Perdana Menteri Belanda Mark Rutte telah meminta maaf kepada Indonesia setelah sebuah studi menemukan bahwa tentara Belanda menggunakan “kekerasan sistematis dan ekstrem” dalam upaya sia-sia untuk mendapatkan kembali kendali atas bekas jajahannya pada akhir Perang Dunia Kedua.
Pasukan Belanda membakar desa-desa dan melakukan penahanan massal, penyiksaan, dan eksekusi selama konflik 1945-49, sering kali dengan dukungan diam-diam dari pemerintah, demikian kesimpulan para peneliti Belanda dan Indonesia setelah penyelidikan selama empat setengah tahun.
Temuan-temuan tersebut menghancurkan pernyataan resmi Belanda yang telah lama dipegang bahwa hanya ada insiden-insiden kekerasan berlebihan yang terisolasi yang dilakukan oleh pasukannya ketika koloni yang telah dikuasainya selama 300 tahun berjuang untuk kemerdekaannya.
“Kita harus menerima fakta-fakta yang memalukan,” kata Rutte pada konferensi pers pada hari Kamis setelah temuan itu dipublikasikan.
“Saya menyampaikan permintaan maaf yang mendalam kepada rakyat Indonesia hari ini atas nama pemerintah Belanda.”
Para peneliti sebelumnya telah mempresentasikan temuan mereka dari studi tersebut, yang dimulai pada tahun 2017 dan didanai oleh Belanda sebagai bagian dari perhitungan yang lebih luas dengan masa lalu kolonial brutal negara tersebut.
Kekerasan yang dilakukan oleh militer Belanda, termasuk tindakan seperti penyiksaan yang sekarang dianggap sebagai kejahatan perang, “sering terjadi dan meluas”, kata sejarawan Ben Schoenmaker dari Institut Sejarah Militer Belanda, salah satu dari lebih dari dua lusin akademisi yang berpartisipasi dalam penelitian ini.

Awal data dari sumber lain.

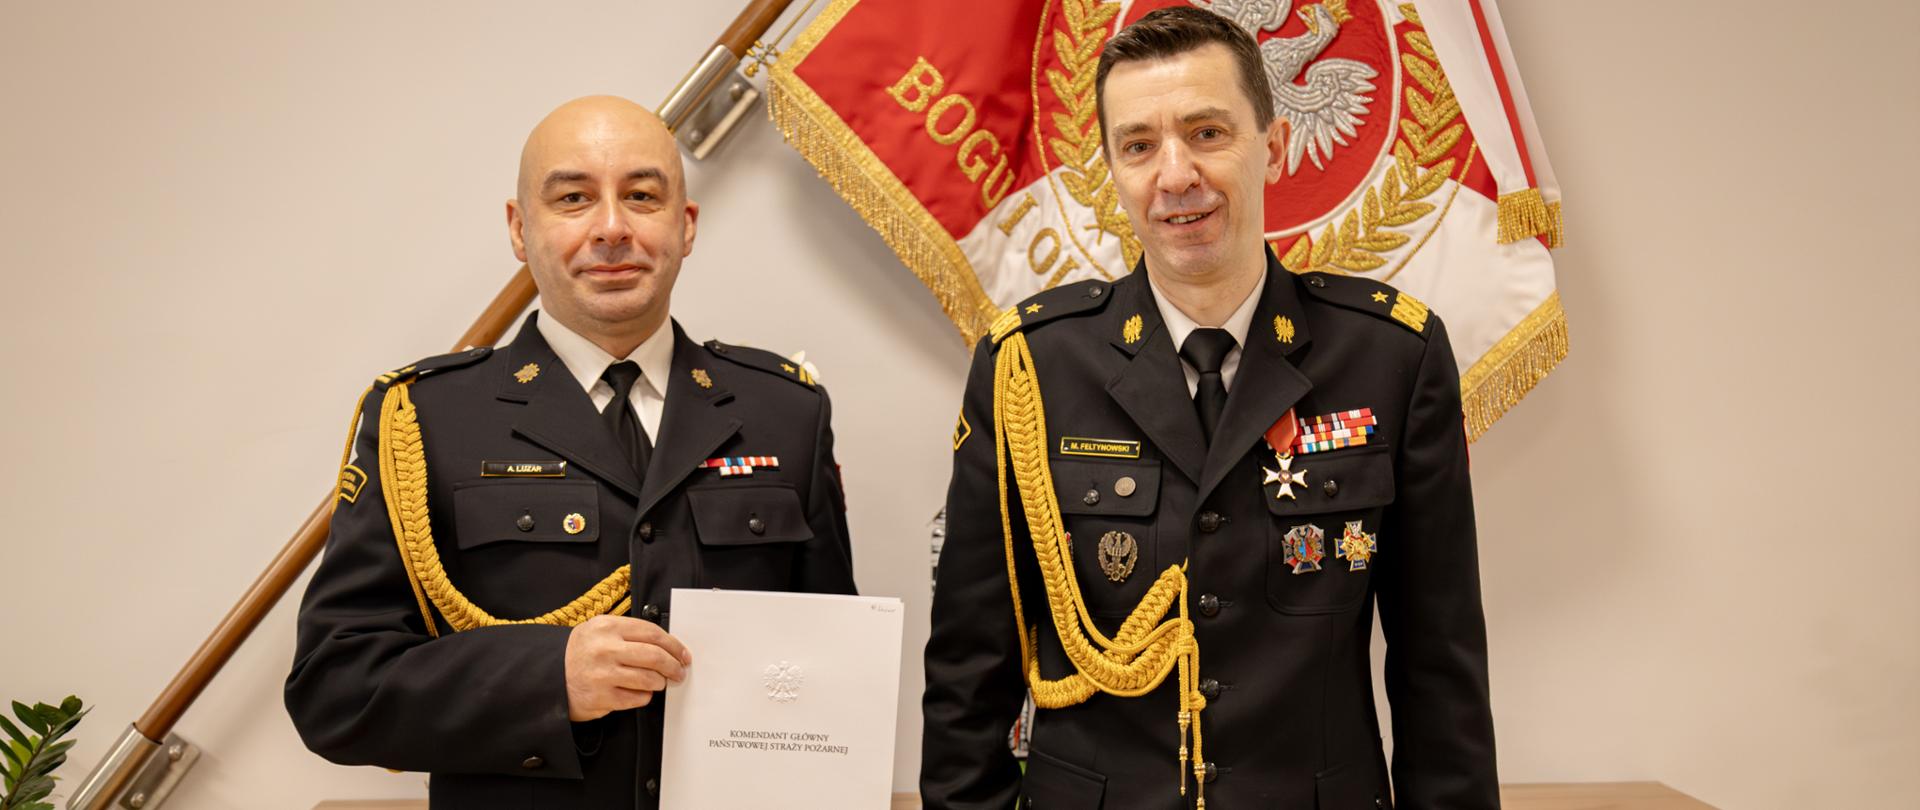 P.o. dyrektor Centralnego Muzeum Pożarnictwa w Mysłowicach oraz komendant główny PSP pozują razem do zdjęcia po wręczeniu decyzji

“Para politisi yang bertanggung jawab menutup mata terhadap kekerasan ini, seperti halnya militer, otoritas sipil dan hukum. Mereka membantunya, mereka menyembunyikannya, dan mereka menghukumnya hampir tidak atau tidak sama sekali,” katanya.
Perhitungan dengan masa lalu
Indonesia mendeklarasikan kemerdekaan pada tahun 1945, tak lama setelah kekalahan Jepang yang telah menduduki negara ini selama Perang Dunia Kedua.
Tetapi Belanda ingin mempertahankan bekas koloni mereka, dan mengirim pasukan untuk memadamkan pemberontakan kemerdekaan.
Sekitar 100.000 orang Indonesia tewas sebagai akibat langsung dari perang, dan Belanda menarik diri pada tahun 1949.
Kejahatan Belanda “termasuk penahanan massal, penyiksaan, pembakaran kampung, eksekusi, dan pembunuhan warga sipil”, kata Frank van Vree, seorang profesor sejarah perang di Universitas Amsterdam, dalam presentasi online penelitian tersebut.
Pengadilan Belanda telah memutuskan bahwa pemerintah yang berbasis di Den Haag harus memberikan kompensasi kepada para janda dan anak-anak pejuang Indonesia yang dieksekusi oleh pasukan kolonial, dan bahwa undang-undang pembatasan tidak berlaku dalam kasus perjuangan kemerdekaan Indonesia.
Pada kunjungan ke Indonesia pada Maret 2020, Raja Willem-Alexander meminta maaf atas kekerasan Belanda.
Studi ini mencatat bahwa selama perang, pemerintah dan militer mendapat dukungan dari masyarakat yang menyetujui dan media yang tidak kritis, yang berakar pada “mentalitas kolonial”.
“Jelas bahwa di setiap tingkat, Belanda tanpa ragu menerapkan standar yang berbeda untuk … ‘subjek’ kolonial,” demikian ringkasan temuan tersebut.
Seorang perwakilan dari Institut Veteran Belanda mengkritik temuan studi terbaru yang mengatakan bahwa temuan itu menimbulkan “perasaan tidak nyaman dan prihatin”.
“Para veteran yang bertugas di bekas Hindia Belanda secara kolektif ditempatkan di dermaga tersangka berkat kesimpulan yang tidak berdasar,” kata direktur institut tersebut, Paul Hoefsloot, dalam sebuah pernyataan tertulis.
Meskipun studi ini berfokus pada tindakan Belanda, studi ini mencatat bahwa pasukan Indonesia juga menggunakan kekerasan yang “intens”, dan menewaskan sekitar 6.000 orang pada fase pembukaan konflik, dengan target orang Eurasia, Maluku, dan kelompok minoritas lainnya.